Transcribe the whole listing below without changing a word, but leave out every image.

▶ Data shown:
============================================================

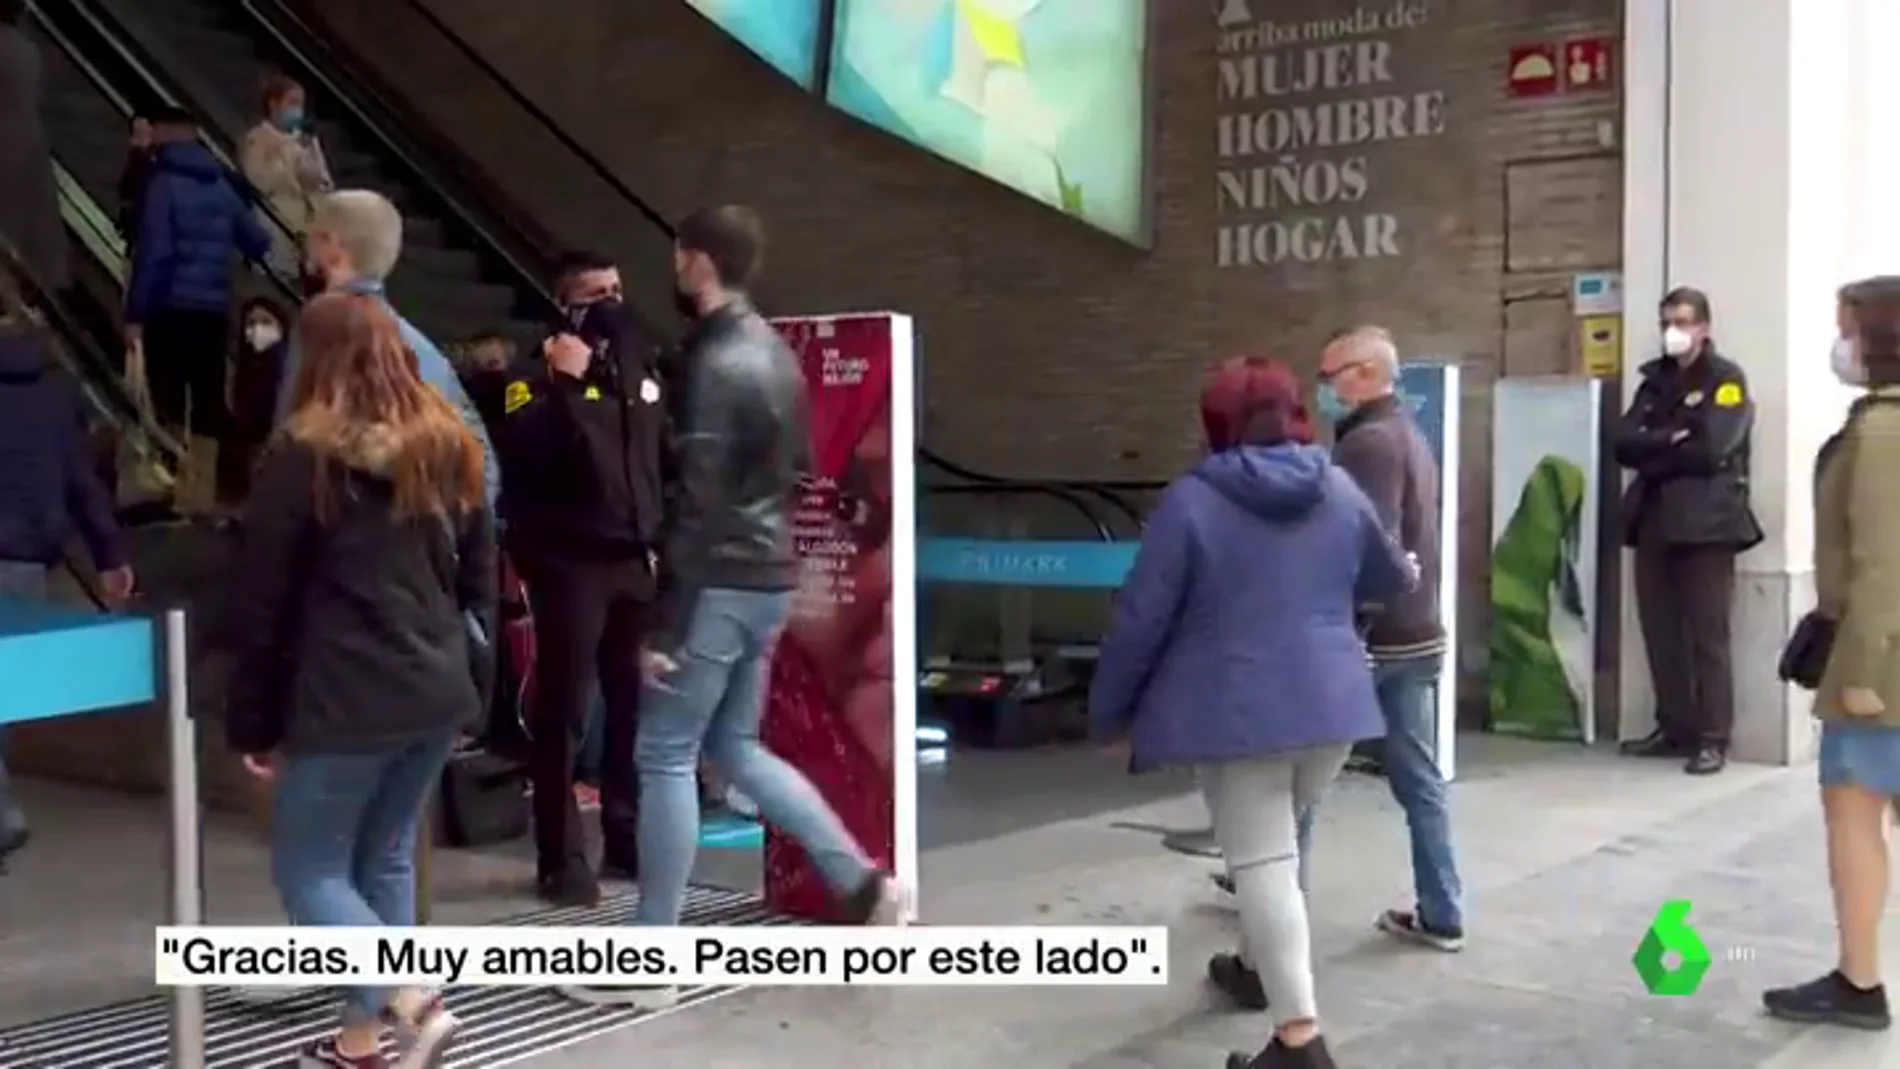 Las compras sobreviven a las restricciones en Madrid: “Hay hasta turistas, no entiendo”
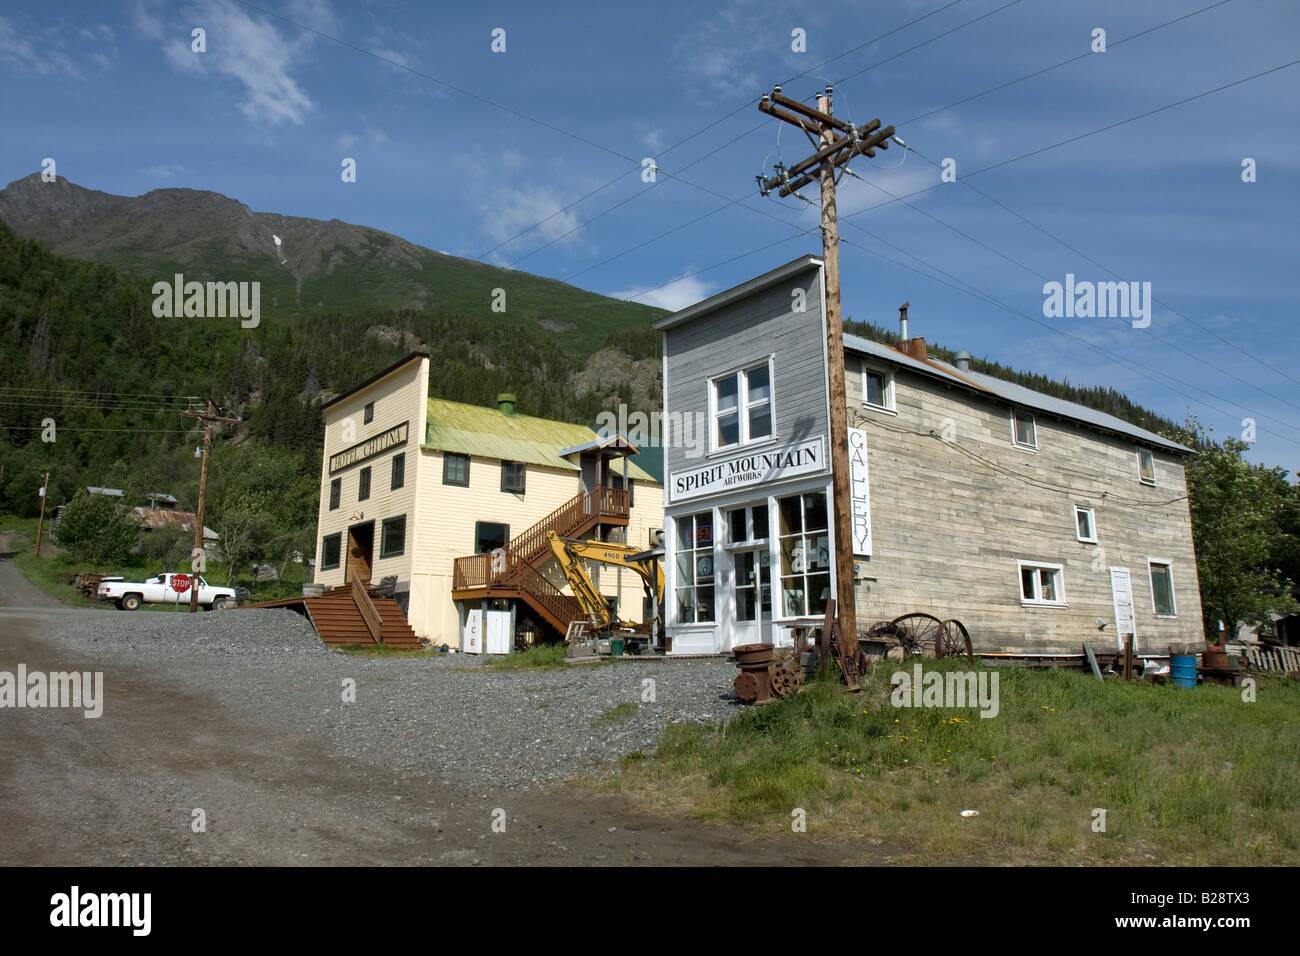 Hotel Chitina, and shop front, Chitina, Alaska. Stock Photo
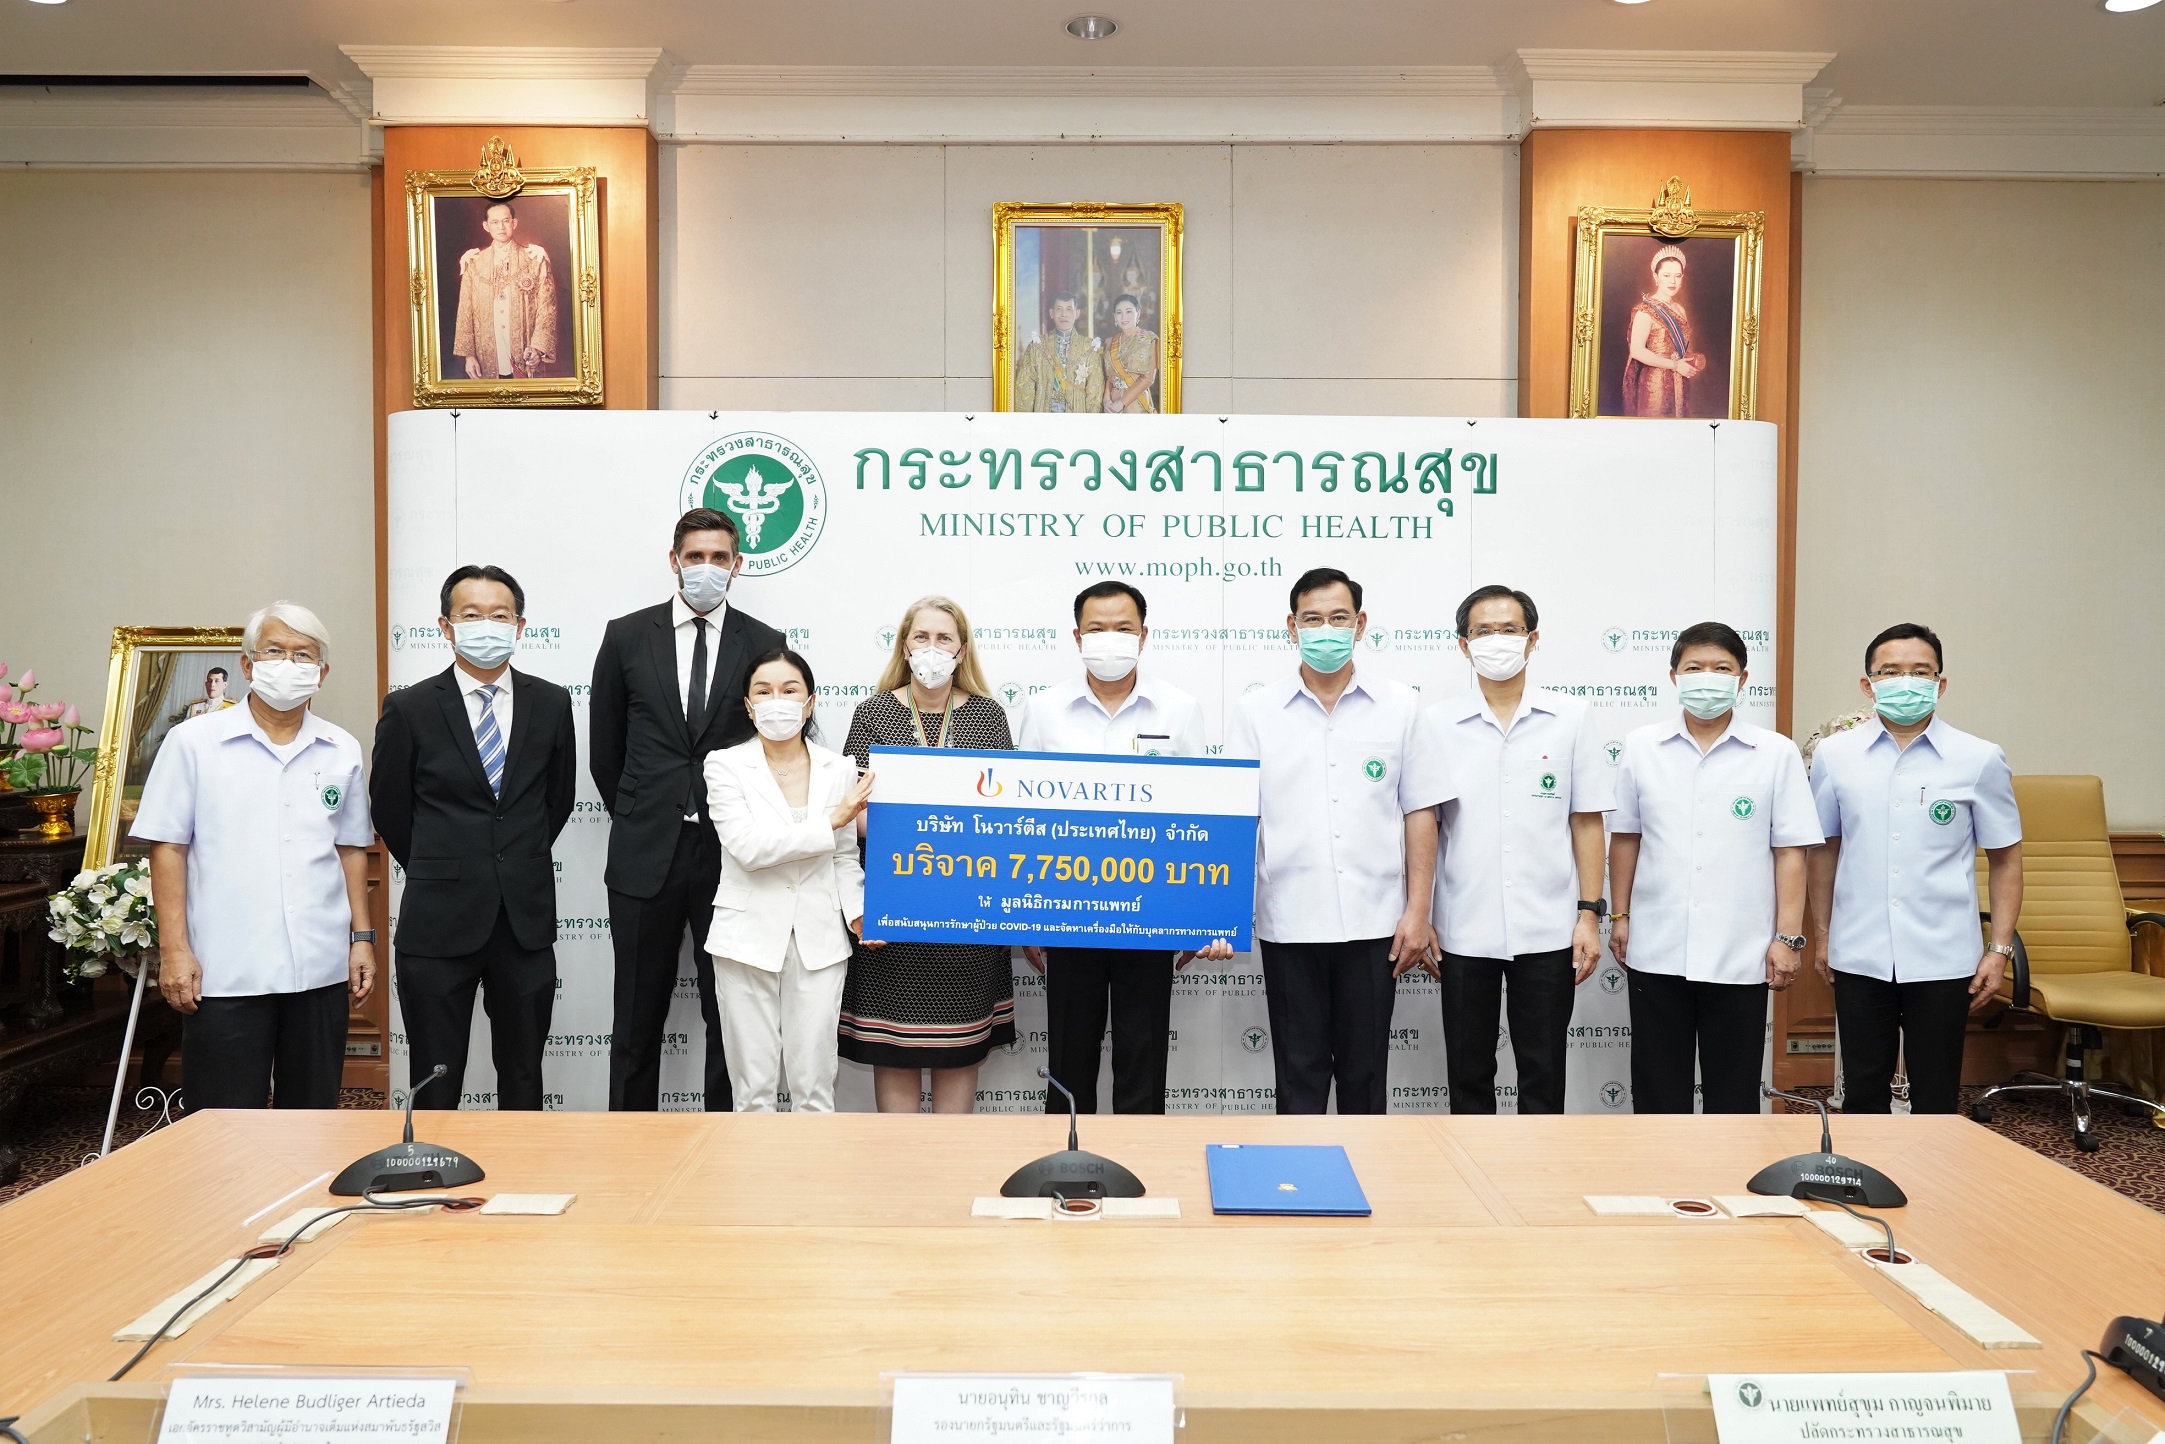 โนวาร์ตีส บริจาคเงิน 7.75 ล้านบาทเพื่อช่วยเหลือผู้ป่วยโควิด-19 ในประเทศไทย

============================================================

▶ Answer:
 Las compras sobreviven a las restricciones en Madrid: “Hay hasta turistas, no entiendo”
 Hotel Chitina, and shop front, Chitina, Alaska. Stock Photo
 โนวาร์ตีส บริจาคเงิน 7.75 ล้านบาทเพื่อช่วยเหลือผู้ป่วยโควิด-19 ในประเทศไทย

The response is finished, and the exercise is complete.